AIXTRON makes very specialized and high-tech equipment for the production of other high-tech products: AIXTRON lasers are used in 3D sensing for virtual and augmented reality in modern consumer electronics or as light sources for optical data transfer in IT and telecommunications. Developments such as autonomous driving will not be possible without laser, chips and LED’s which can be made with AIXTRON equipment. Moreover AIXTRON equipment is also used to make components for the power electrics industry, think of electric vehicles, charging stations and wind turbines.
However their main driver of revenue is the production of equipment for the metalorganic chemical vapor deposition of materials (MOCVD), which is used for the production of thin films which are needed in semiconductors. Semiconductors can have greater electrical conductivity than insulators but less than normal conductors, and are mostly used as a base material for microchips and other electronic devices. This is the main reason why Frits van Hout, Executive Vice President of ASML, is a member of the supervisory board of AIXTRON SE. While ASML has been thriving and has seen an increase in growth, AIXTRON has had troubles to really take off. Their stock has been slightly volatile last year, although contained by support around a price of 7.5 and resistance at 10.5, their share price is not a steady factor.
In 2017 Aixtron spun-off its OLED division to a new daughter-company named APEVA. With OVPD technology, AIXTRON has a process that can be used to produce OLED’s.
The OLED-market is emerging and is being boosted by multi-billion dollar players such as LG and Samsung. The display division of Samsung will invest $11 billion in QD-OLED facilities, to drastically reduce OLED panel production costs. This will offer a great opportunity for AIXTRON to gain even more market share in particularly Asia. With 70% of their revenue coming from Asia in the first nine months of 2019 (see figure 1), AIXTRON saw their European and American revenue drop drastically and seems particularly vulnerable for troubles in Asia. The Golden Investor is timorous on investing in Asia-dependent companies; where the financial crisis was partly resolved by an increase in orders from emerging markets in (South-Eastern) Asia. Now for the first time ever Asians take on significantly more debt, in emerging markets too.
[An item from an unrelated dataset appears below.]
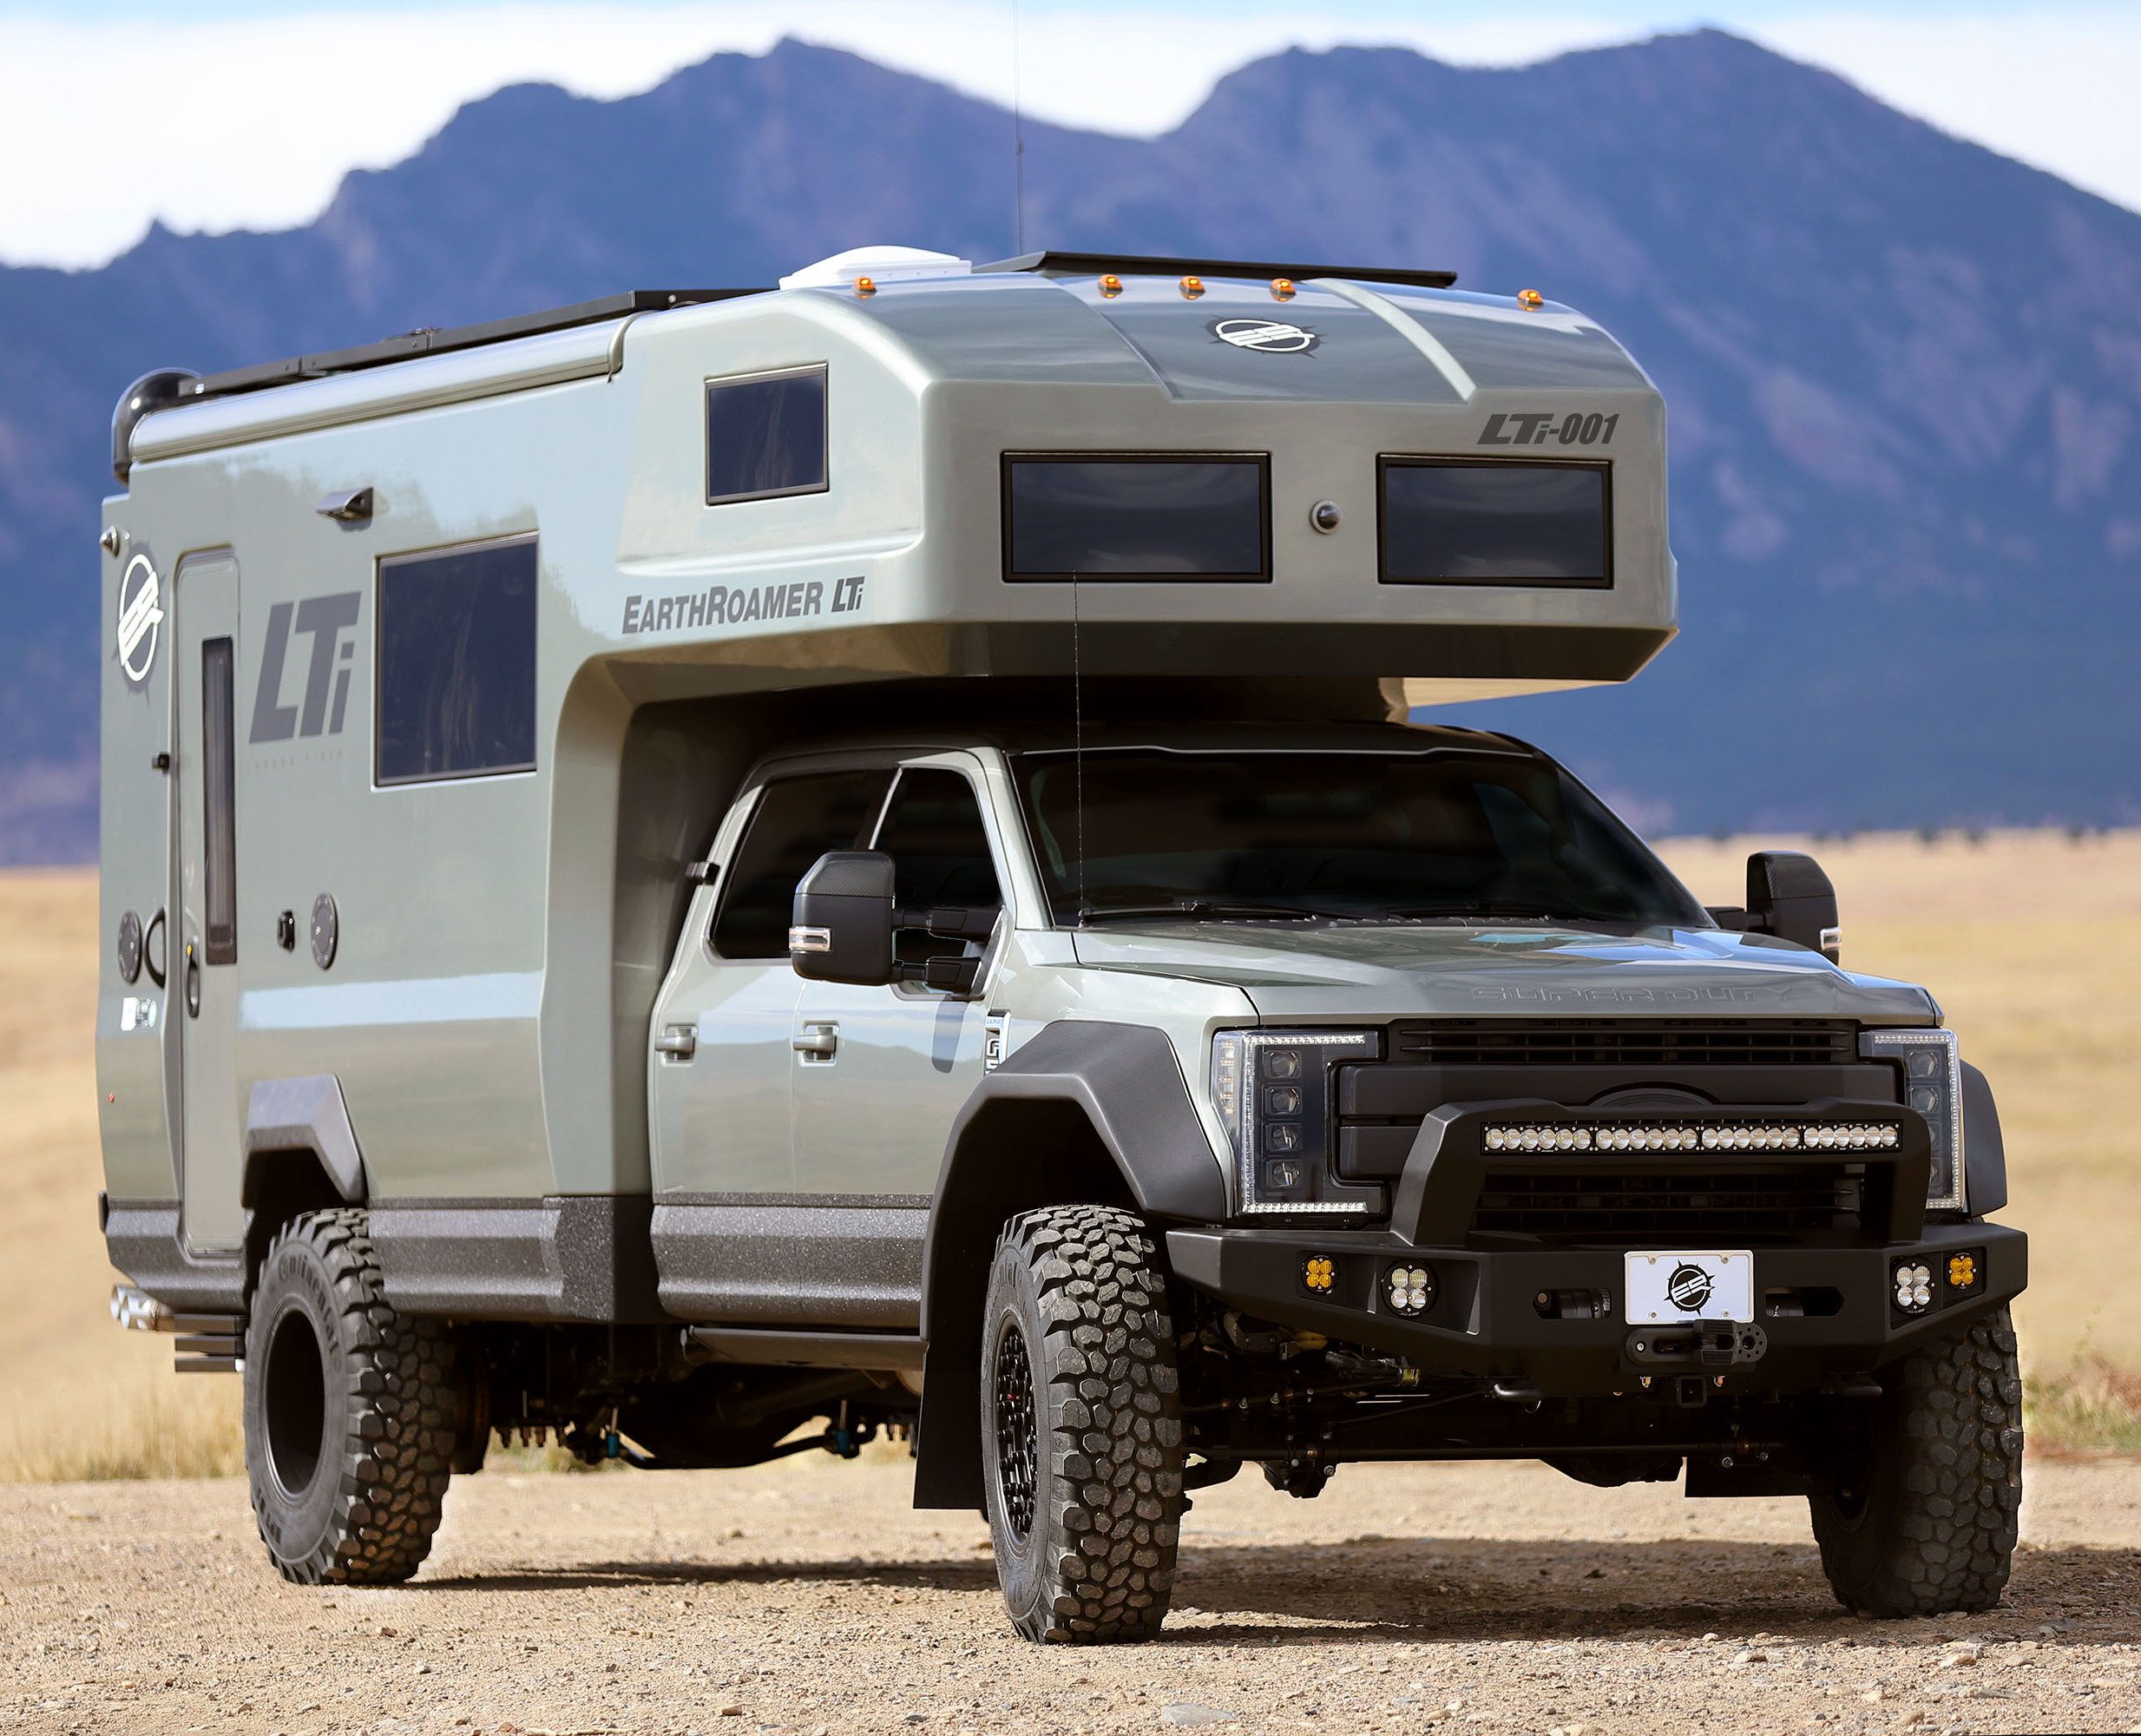 A $220,000 Camper Van From a Company That Became a Nationwide Hit

With increasing global trade uncertainty this could be a possible Achilles-heel for companies like AIXTRON.
With the trade war still not resolved the global economy and especially the Chinese economy has shown signs of slight weakness. And since China is the main driver of the world economy, this trade war can hurt the growth of new innovative technologies and thus hurt AIXTRON. However AIXTRON has good fundamentals to overcome possible setbacks. With a good cash position and a relatively low debt level AIXTRON stock seems a safe investment. N.B. AIXTRON is not known for paying dividends over their stock. While there finally seems to be a Phase I deal in the making The Golden Investor remains skeptical on further deals and with most tariffs still not off the table the manufacturing industry will need to take possible setbacks into account. Lets hope for the best in the upcoming elections, for now AIXTRON can be a good diversification for every portfolio with their future-proof and R&D-intense technologies.
Disclaimer: The writer of this article does not own AIXTRON SE (ETR:AIXA) stock, this article should not be interpreted as investment advice or anything like that.